Question

A sample of cobalt, A, with a mass of 5.00 g, is initially at 25.0 °C. When this sample gains 6.70 J of heat, the temperature rises to 27.9 °C. Another sample of cobalt, B, with a mass of 7.00 g, is initially at 25.0 °C. If sample B gains 5.00 J of heat, what is the final temperature of sample B. (Hint: think about the specific heat of both samples.)

Answer 1

\( q = mC\Delta T\)

q is heat
m is mass
C is the specific heat
\(\Delta T\) is the change in temperature

Answer 2

So to solve your question, let's start with sample A

Sample A of Cobalt

Mass = 5 g
Initial temperature = 25.0 °C
Final temperature = 27.9 °C
Heat = 6.70 J
C = specific heat = ???

Use the formula I provided to you

Remember \(\Large \Delta T = T_{final} - T_{initial}\)

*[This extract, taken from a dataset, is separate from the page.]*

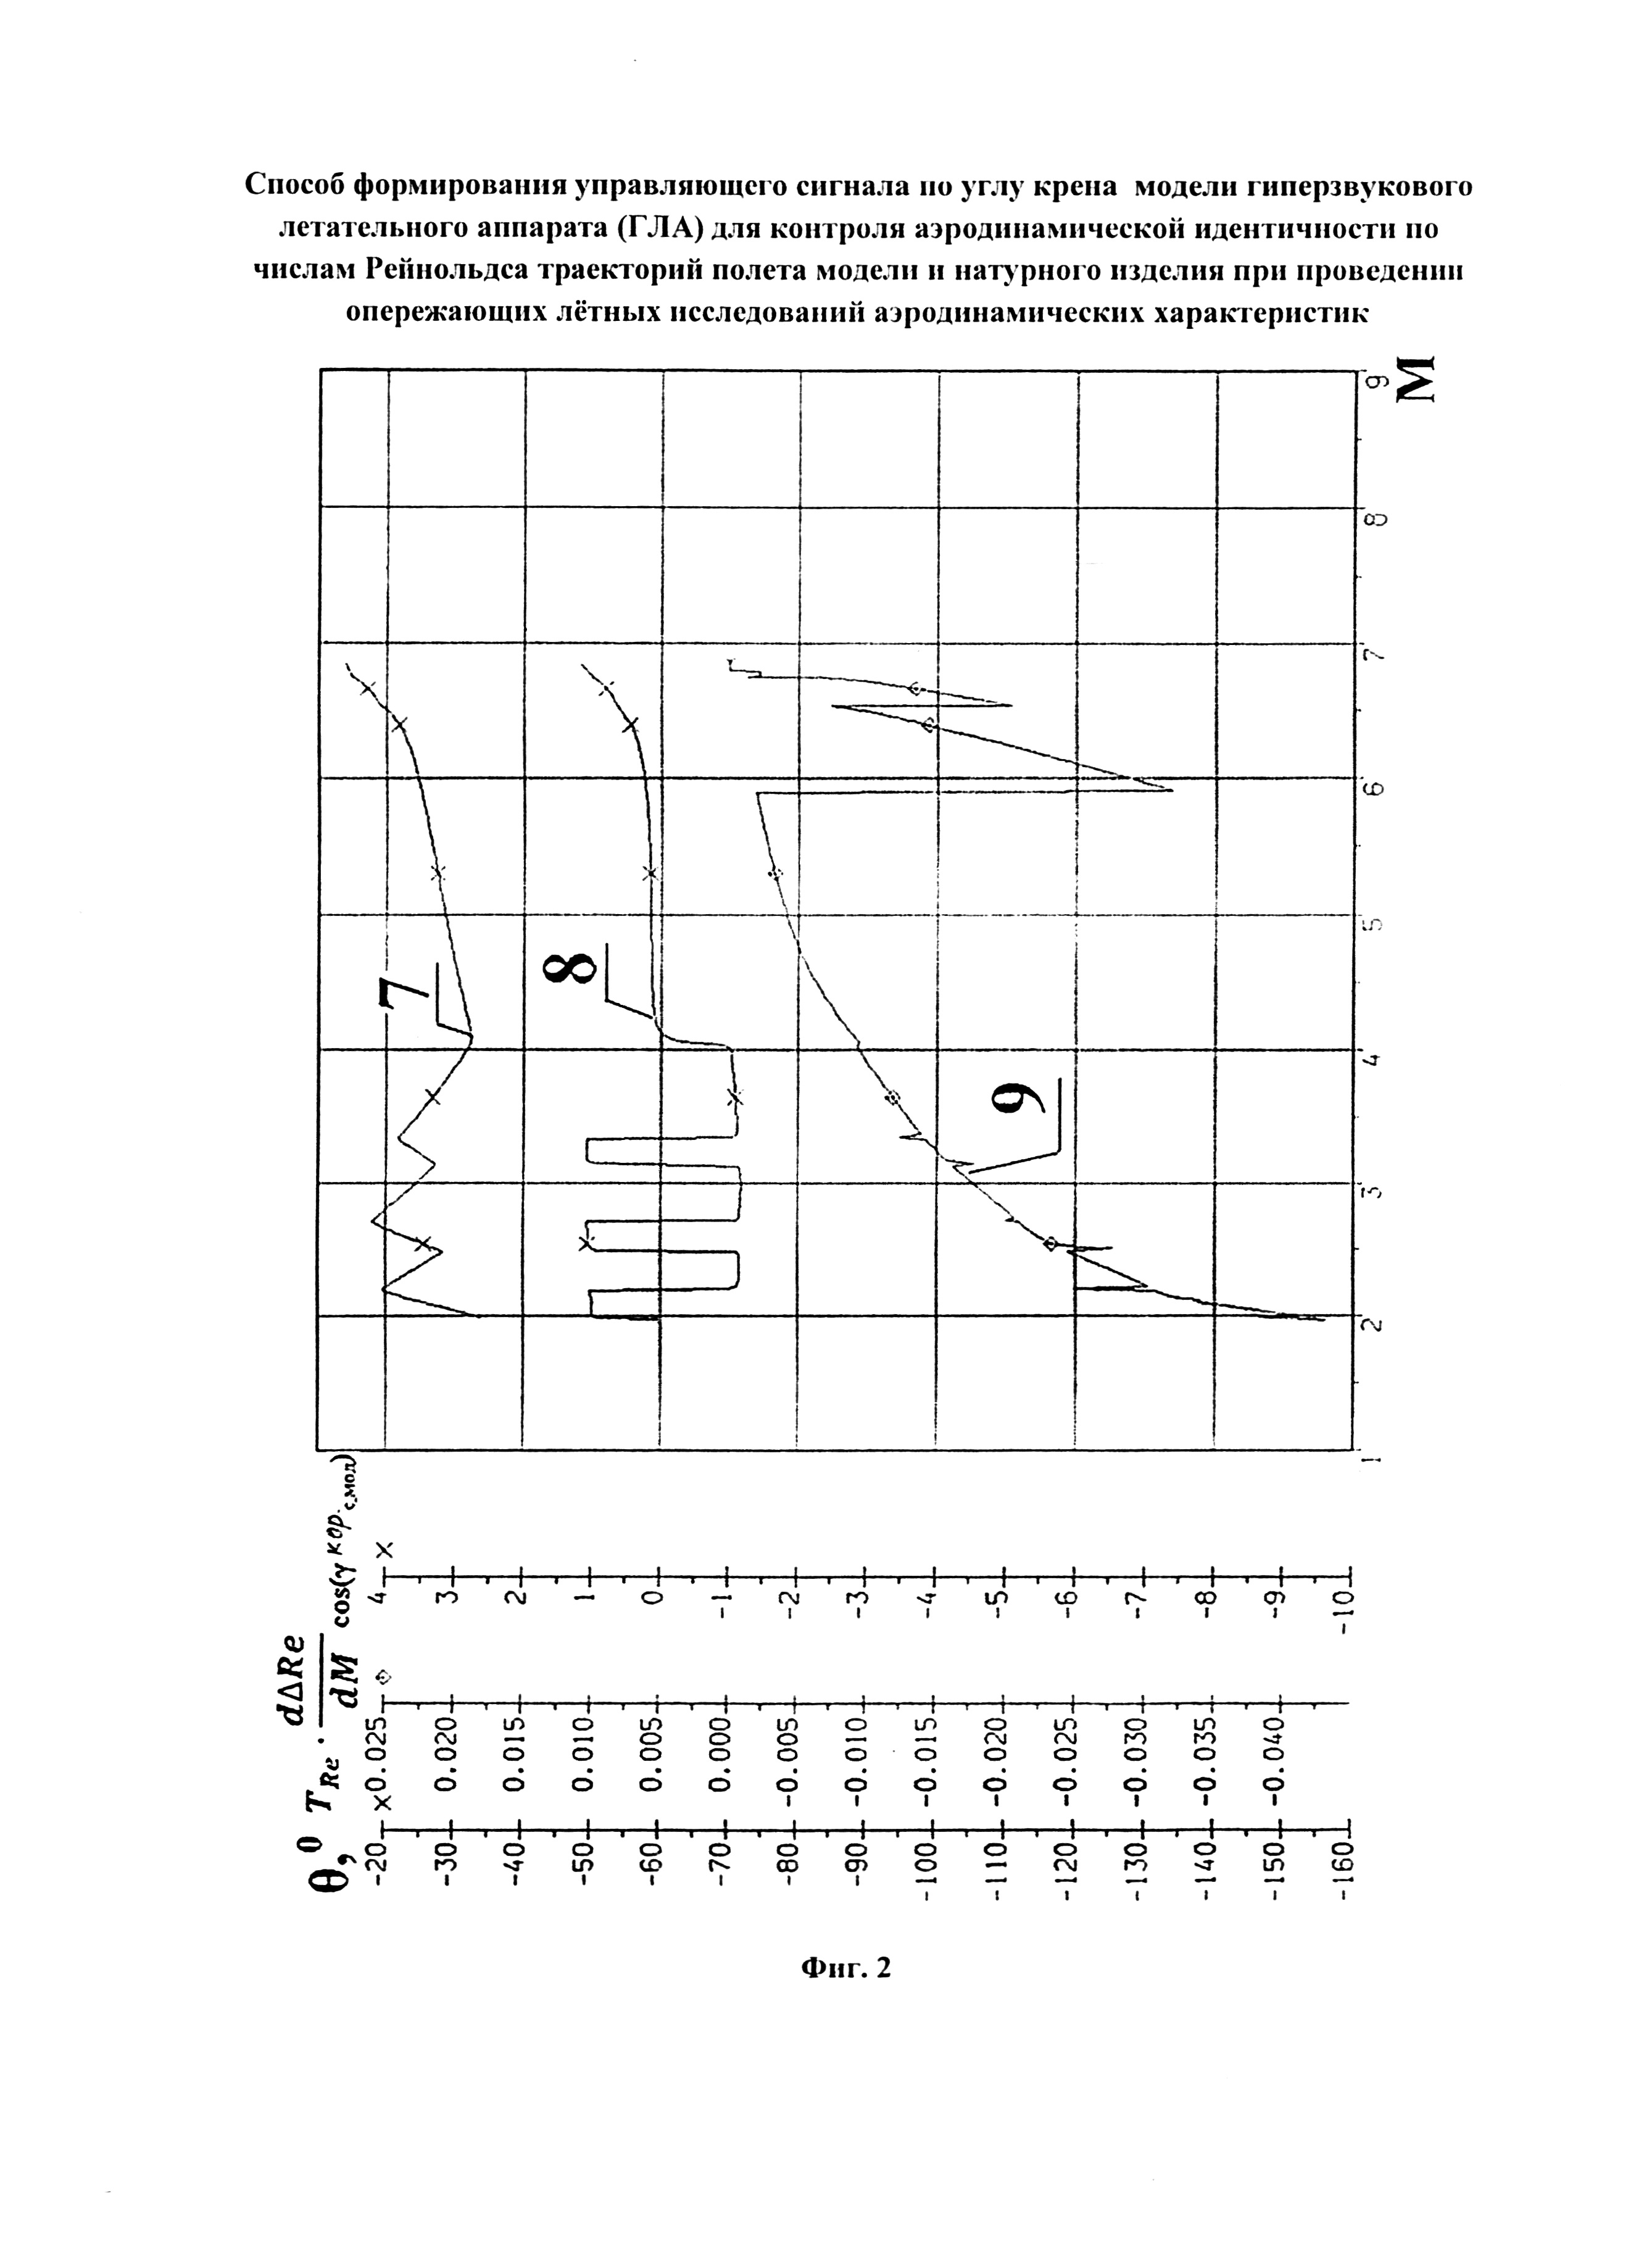 Способ формирования управляющего сигнала по углу крена модели гиперзвукового летательного аппарата (ГЛА) для контроля аэродинамической идентичности по числам Рейнольдса траекторий полёта модели и натурного изделия при проведении опережающих лётных исследований аэродинамических характеристик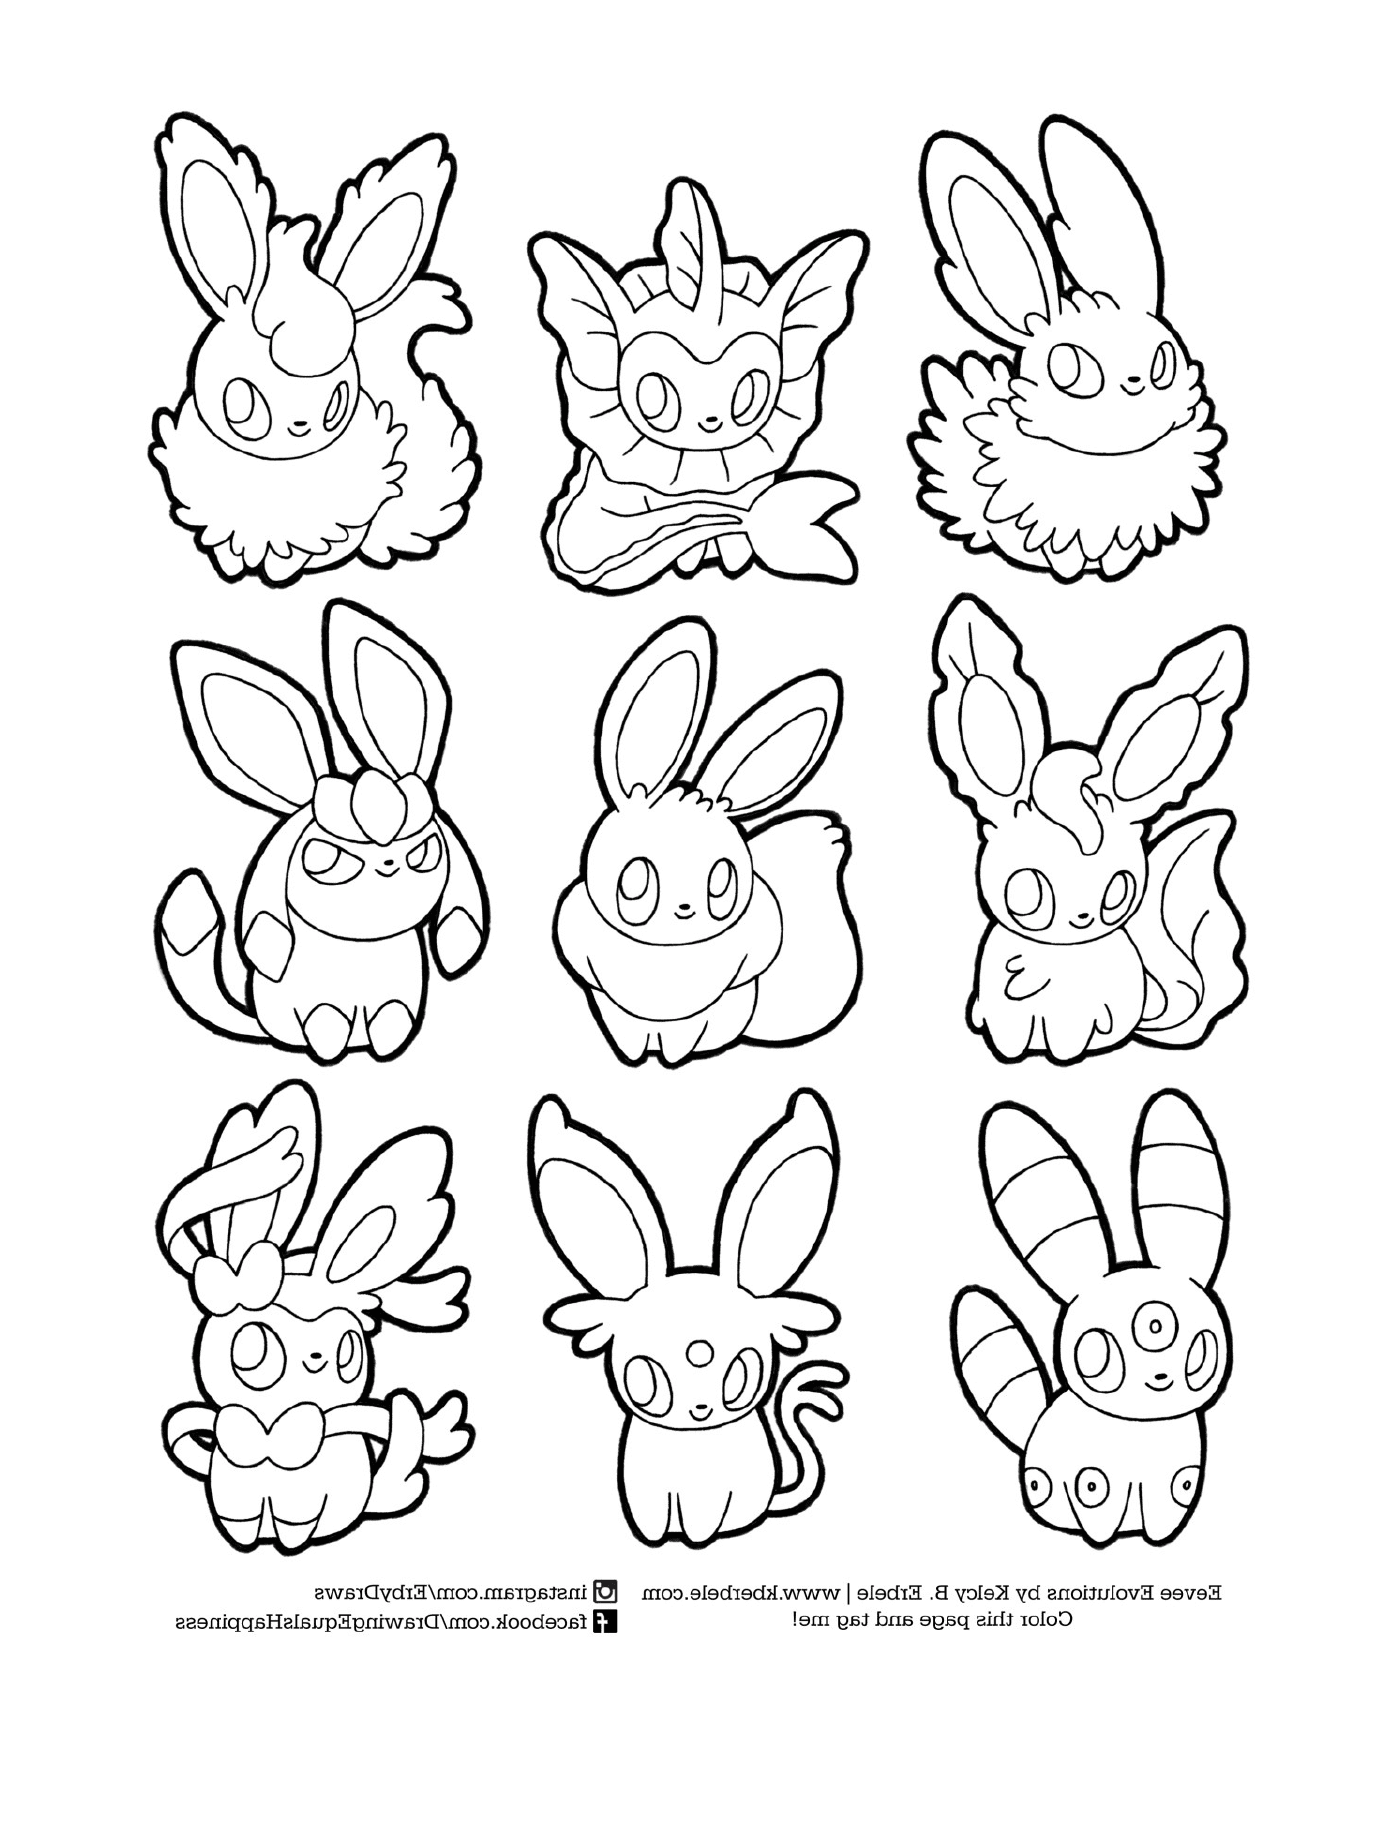  Evoluzione di Evoli, set di nove conigli fumetti

Once we calculate the specific heat of cobalt, we can use this specific heat (since it's a constant for the same material) and use it when we're solving for the final temperature of sample B

Answer 3

Since you're offline, I'll give you the steps for the rest of the problem as well

So once you find the specific heat of Cobalt, we're going to use it now for sample B

So Sample B of Cobalt

Mass = 7 g
Initial temperature = 25.0 °C
Final temperature = ???
Heat = 5 J
and specific heat = whatever you calculated earlier

Now put all the numbers into the equation

\( q = mC\Delta T \)

another way to write it would be

\(\Large q = mC(T_{final} - T_{initial}) \)

you'll be solving for \(\large T_{final}\) and you have all the other values so it should be pretty straightforward :)